> EXERCISE AIM:
Give the entries back exactly as they stand, but without pictures.

***

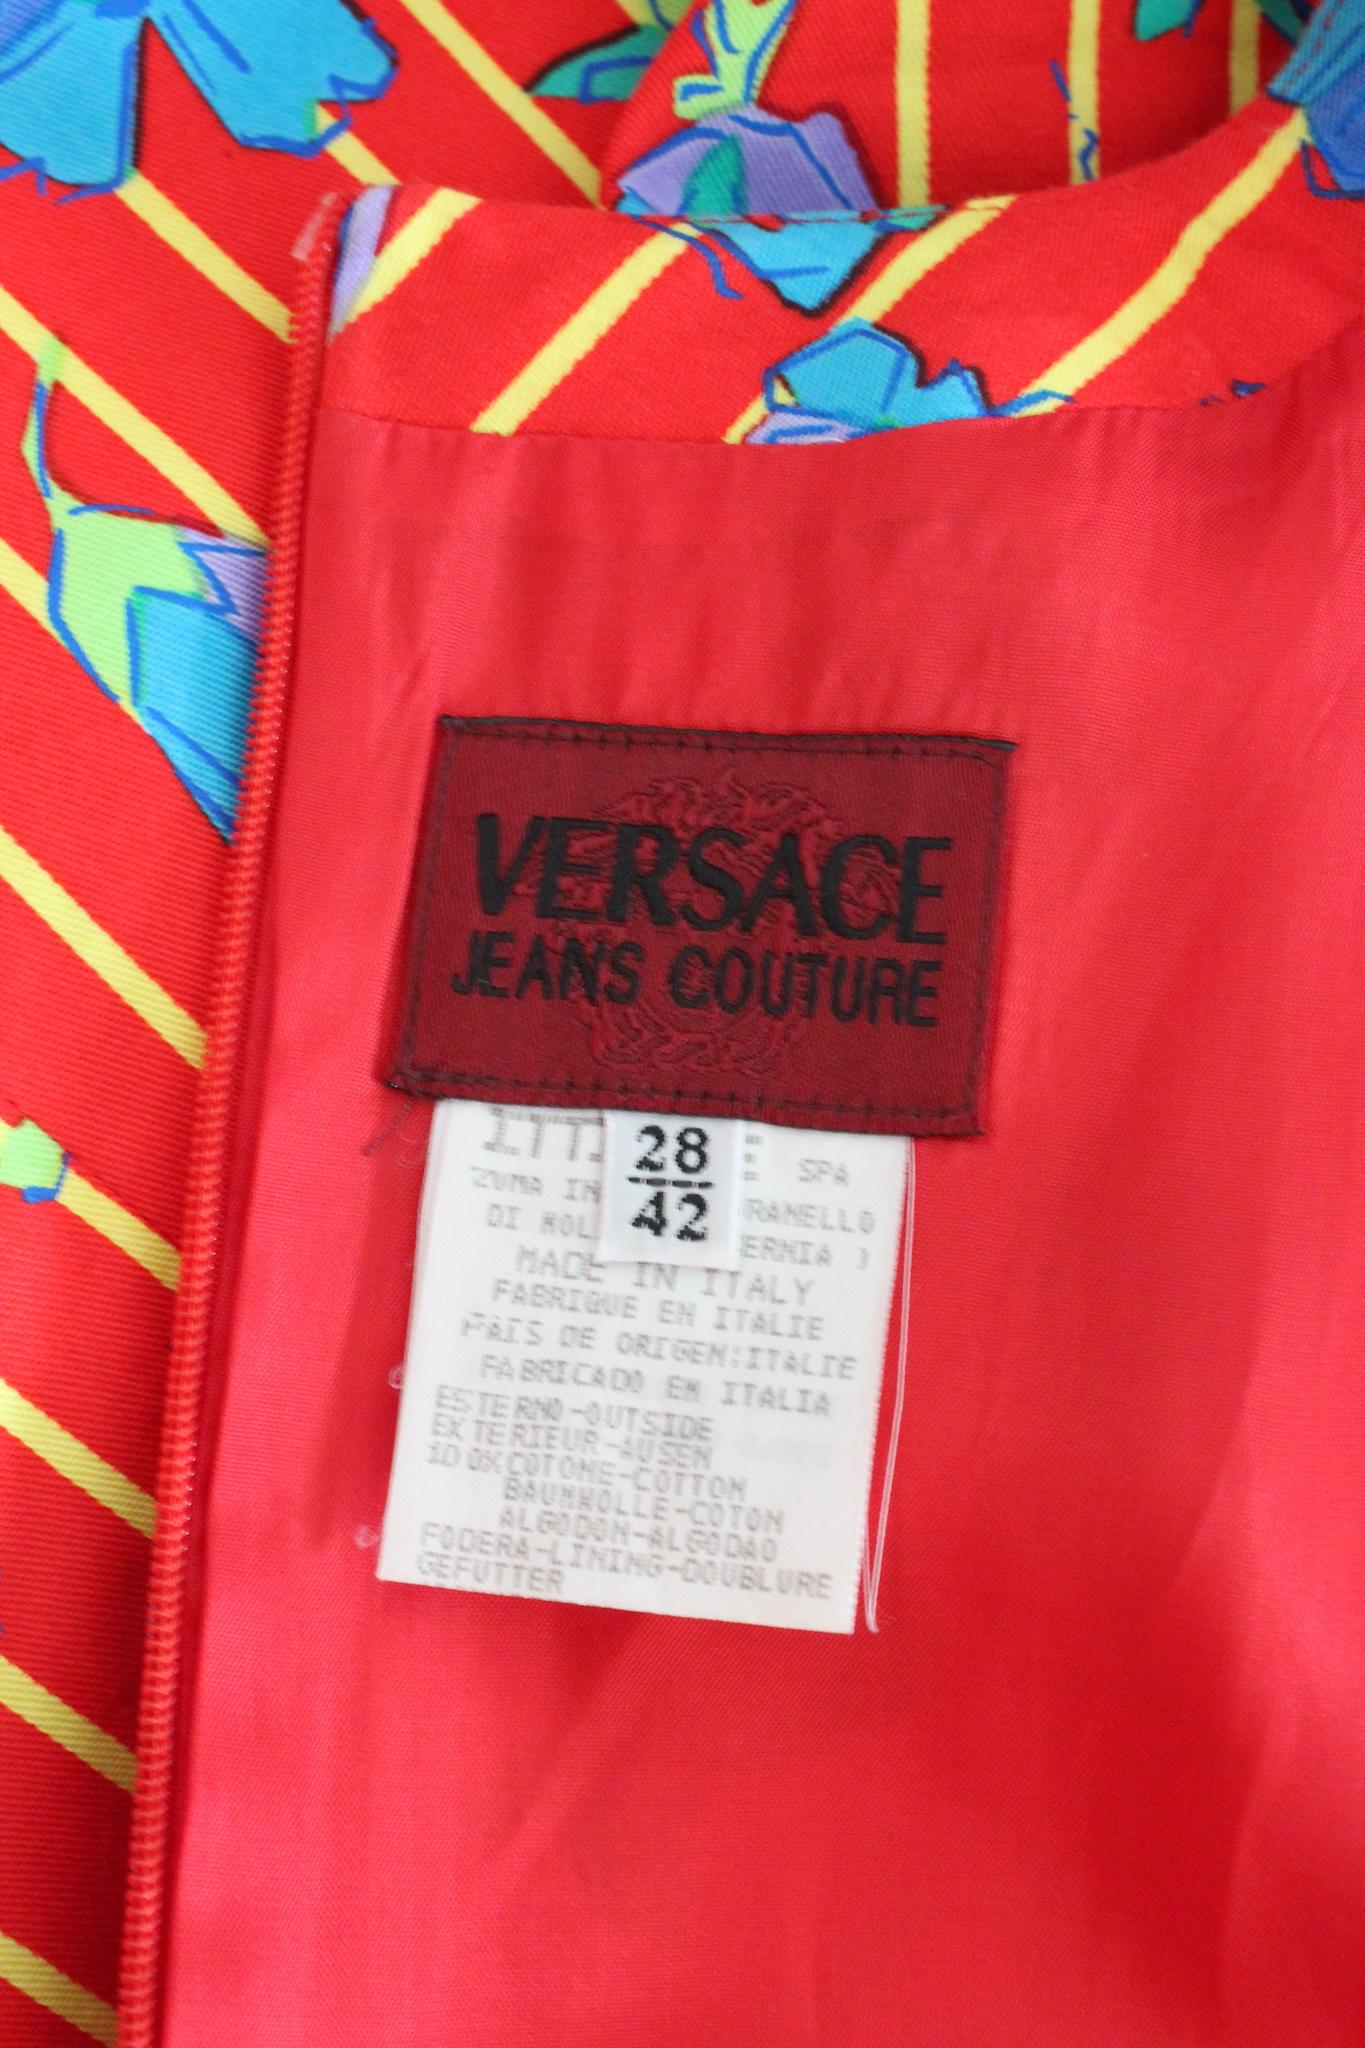 Versace Jeans Couture 90s vintage dress. Red sheath dress with yellow stripes and blue flowers. 100% cotton fabric. Made in Italy.

Size: 42 It 8 Us 10 Uk

Shoulder: 27 cm
Bust/Chest: 46 cm
Waist: 45 cm
Length: 85 cm

***

> REPLY TO THE EXERCISE:
 Versace Jeans Couture 90s vintage dress. Red sheath dress with yellow stripes and blue flowers. 100% cotton fabric. Made in Italy.

Size: 42 It 8 Us 10 Uk

Shoulder: 27 cm
Bust/Chest: 46 cm
Waist: 45 cm
Length: 85 cm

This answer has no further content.